In some cases, this means adapting current approaches to deal with ethical considerations that do not arise in conventional drug development. For example, US researchers Jon Tilburt and Ted Kaptchuk have suggested that clinical trials of traditional medicines should follow different standards of research ethics (See Box 2). [7]
Box 2: Ethical research standards for clinical trials with traditional medicines*
Social need that justifies the research
The argument for testing a traditional remedy in a clinical trial cannot be the simple fact that it already exists as a treatment. There must be both a social need and some preliminary evidence that the medicine will not counteract the effect of others used to treat the same disease. Different stakeholders will differ in their definition of social need: for example, a government may want to prevent any involved actor from commercializing the treatment, while health promoters will want the clinical trial to lead to better drugs.
Appropriate definitions of inclusion/exclusion criteria and outcome measures
- The concepts of health and disease differ in traditional and modern medicine. For example, Western researchers will tend to categorize heart failure according to the New York Heart Association classification.
- But those who practice traditional Chinese medicine (TCM) will see it as a deficiency of yang chi of the heart or a deficiency of kidney yang, categorizing patients based on the examination of the pulse or the tongue.
- Researchers testing an herbal medicine for heart failure should consider both biomedical and TCM criteria so that the results are valid from both perspectives.
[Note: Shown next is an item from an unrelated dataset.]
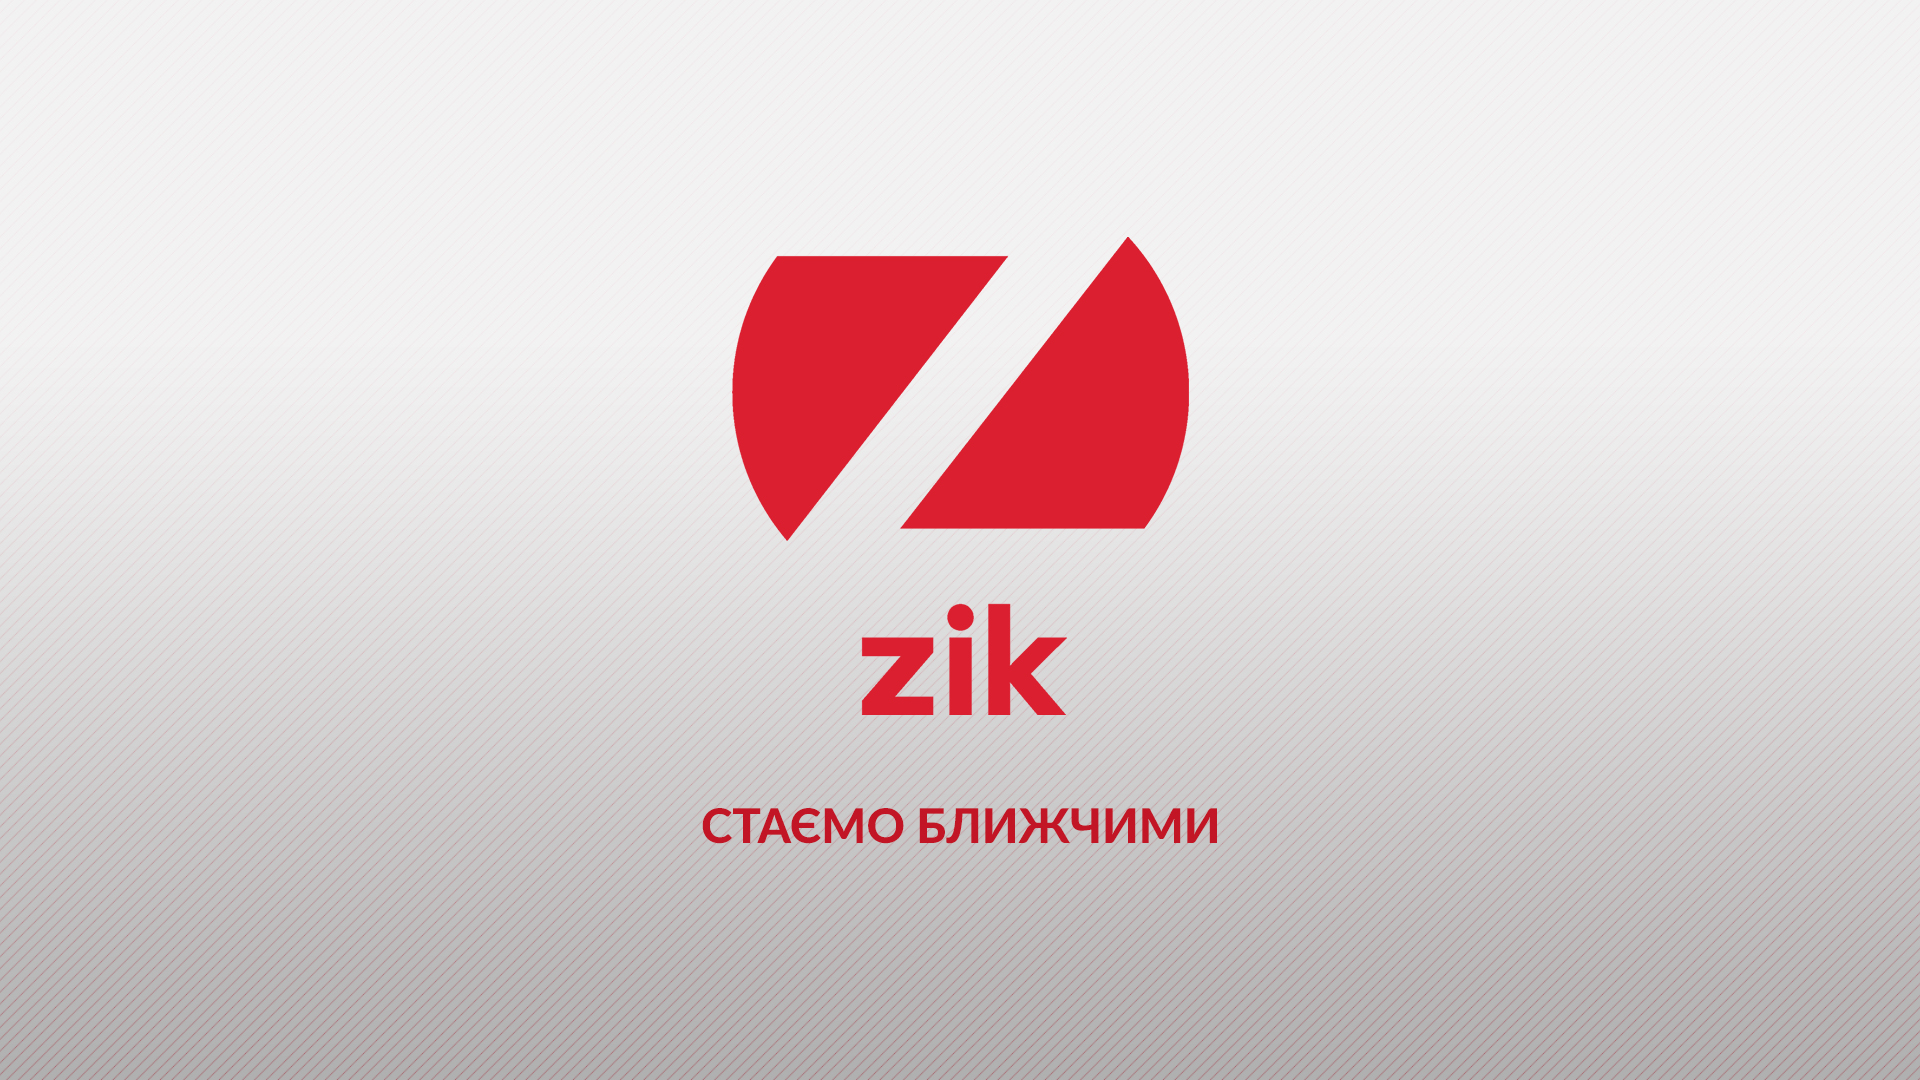 Гендиректоркою телеканалу ZIK стала Наталія Вітрук, її заступником – Данило Нікуленко
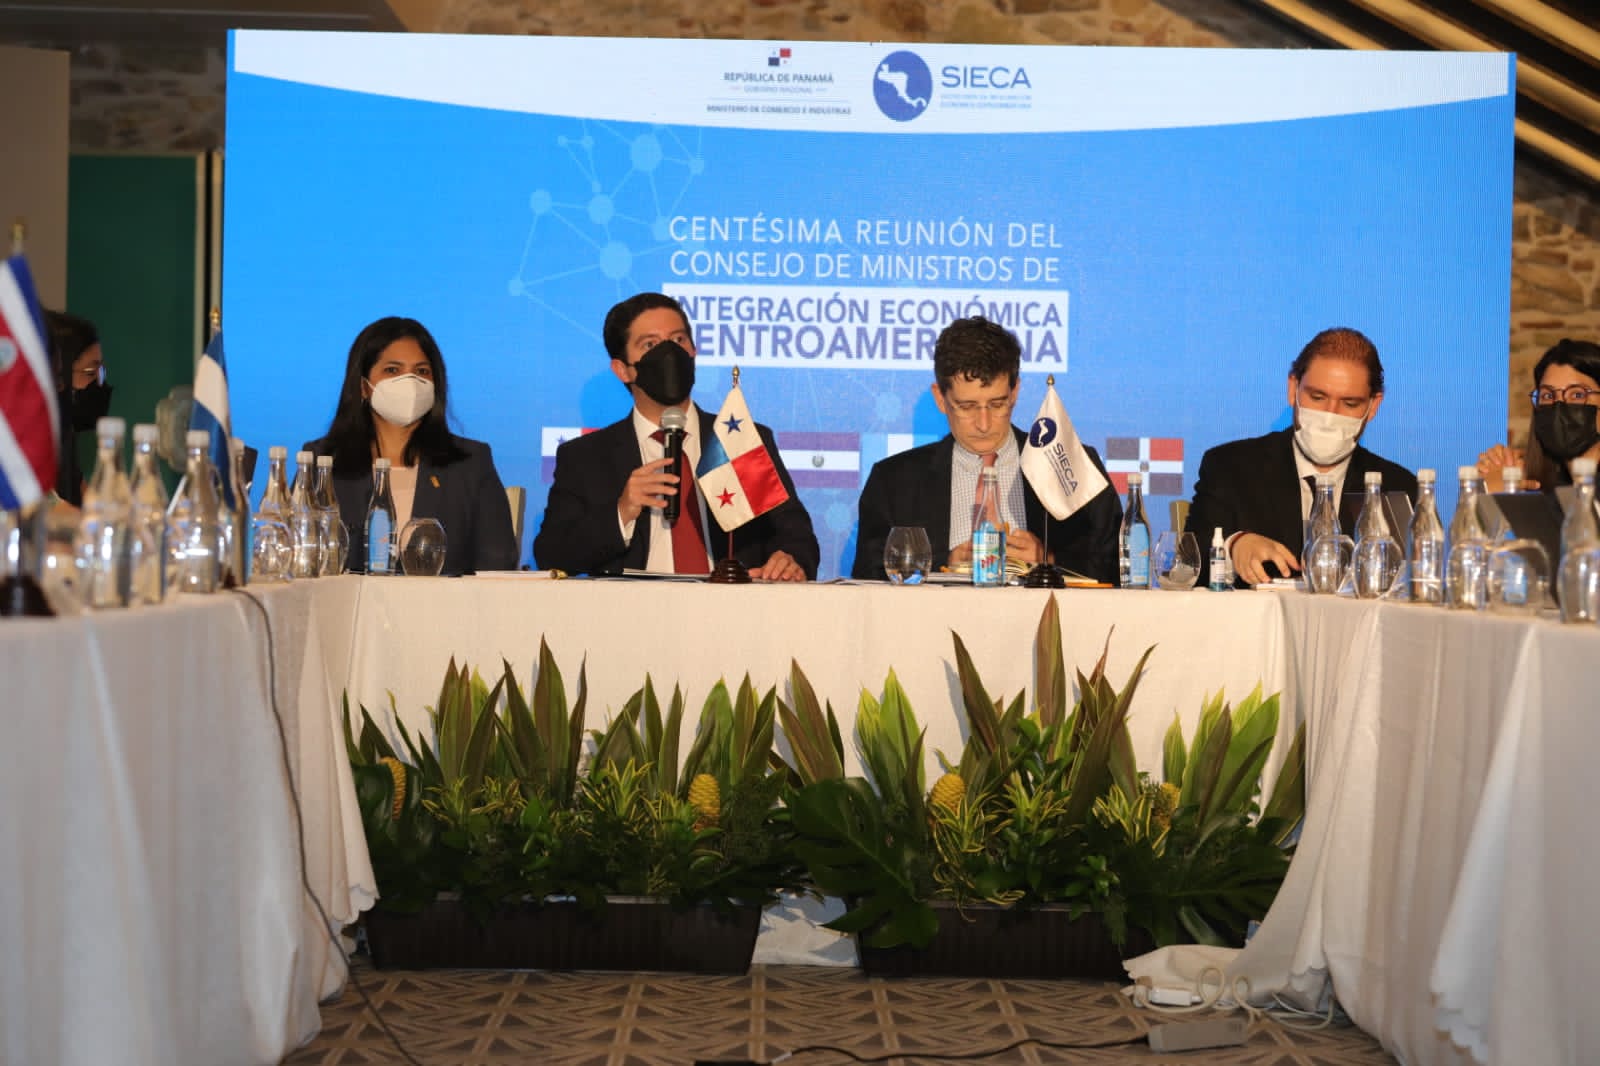 Reafirmado compromiso de Panamá con la integración económica centroamericana en COMIECO

Innovative protocol design
Drugs derived from traditional remedies that are brought to market after passing clinical trials must pass strict tests, but researchers have to think carefully about how to design protocols.
Conventional methodologies may not be appropriate for a medicine that contains a mixture of active ingredients or in the case of therapies that vary from physician to physician. Even so, the adaptation of standardized protocols could contemplate many of these aspects. For example, cluster randomized controlled trials could be rigorous while allowing for professional variation.
Establish security and evidence standards
The familiarity of traditional medicines, and their widespread use, might bias some researchers towards a favorable safety profile, but caution is needed from the outset to determine safety requirements.
- Adapted from an ethical analysis by Jon Tilburt and Ted Kaptchuk. [7]
- intrinsic variability
Ethical issues aside, it is extremely difficult to apply modern methods (developed to test standardized drugs) to the inherently broad spectrum of traditional remedies.
Many traditional medicines are produced by crushing the leaves or bark of plants and trees, and the resulting mixture can contain hundreds of potentially active molecules. Identifying them is already quite laborious; verify the efficacy and safety of all, practically impossible.